Why AI Readiness Is an Organizational Learning Problem, Not a Technology Purchase
For corporate leaders and researchers, this reframes AI adoption as a capability development problem, but the claims are based on a synthesis of existing sources without new empirical data.
Despite $252.3 billion in global AI investment in 2024, only 6% of firms report significant earnings impact; the paper argues this failure is due to organizational learning deficits rather than technology gaps, introducing the SIO progression model for enterprise AI capability.

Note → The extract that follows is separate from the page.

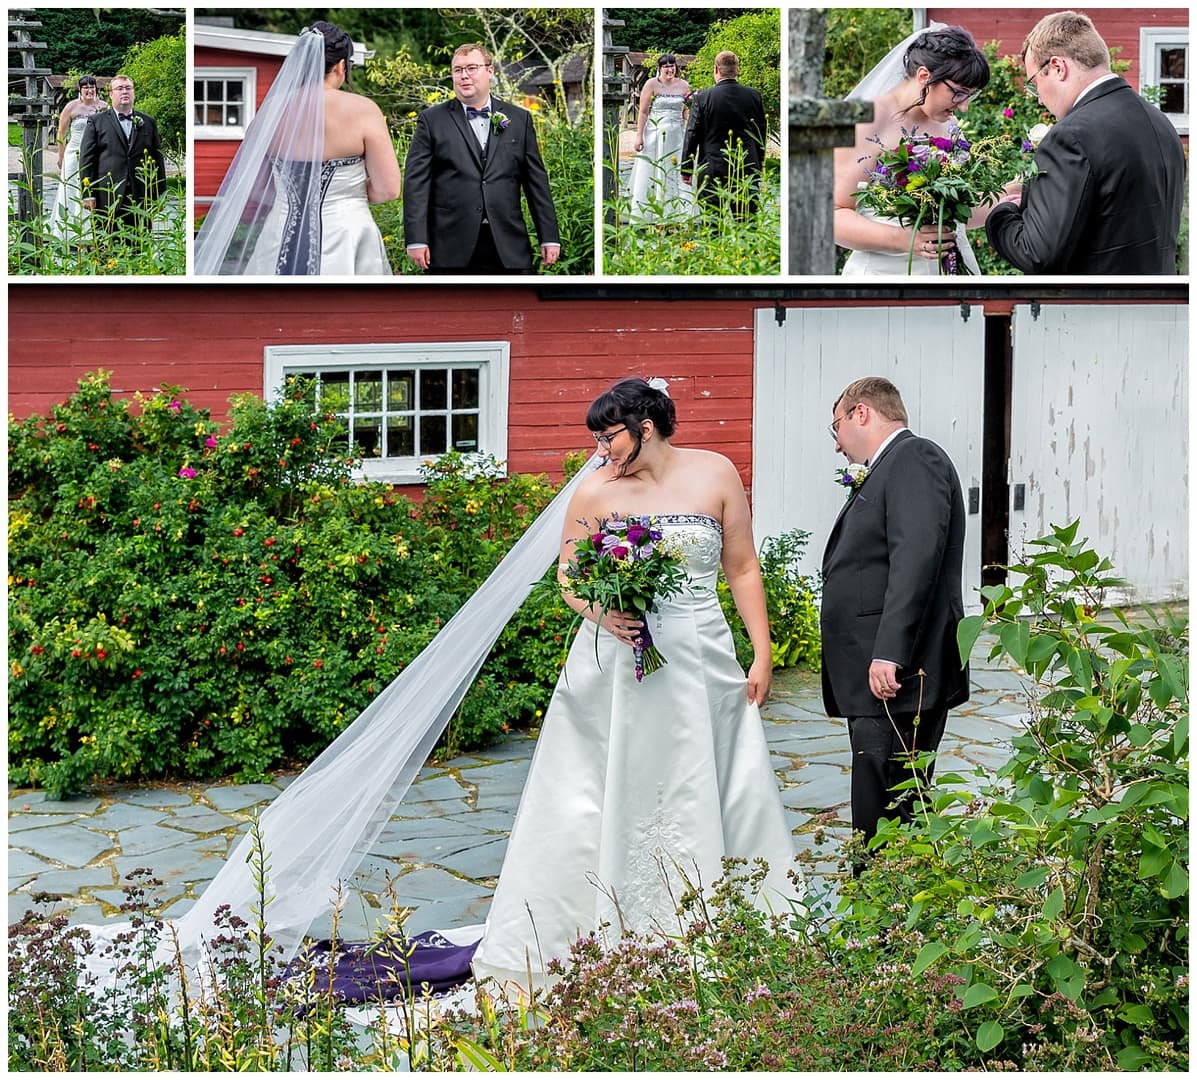 The bride and groom have their first look before their wedding reception at the Hubbard's Barn in Nova Scotia.

Global corporate AI investment reached $252.3 billion in 2024, yet only 6% of firms report significant earnings impact. This article argues that AI project failure is fundamentally an organizational learning problem rather than a technology deficit. Drawing on a systematic synthesis of 19 large-scale industry and academic sources, including surveys of nearly 10,000 organizational leaders, we identify two categories of failure: organizational (culture, leadership alignment, governance, and human-AI learning deficits) and technical (semantic bottlenecks and output management challenges). We introduce the Siloed-Integrated-Orchestrated (SIO) progression model, which maps enterprise AI capability across five pillars -- Culture & Leadership, Human Capital & Operations, Data Architecture, Systems Infrastructure, and Governance & Regulatory Compliance -- and provides prescriptive guidance for advancing between stages. The implications challenge organizations to reframe AI investment as capability development rather than technology procurement.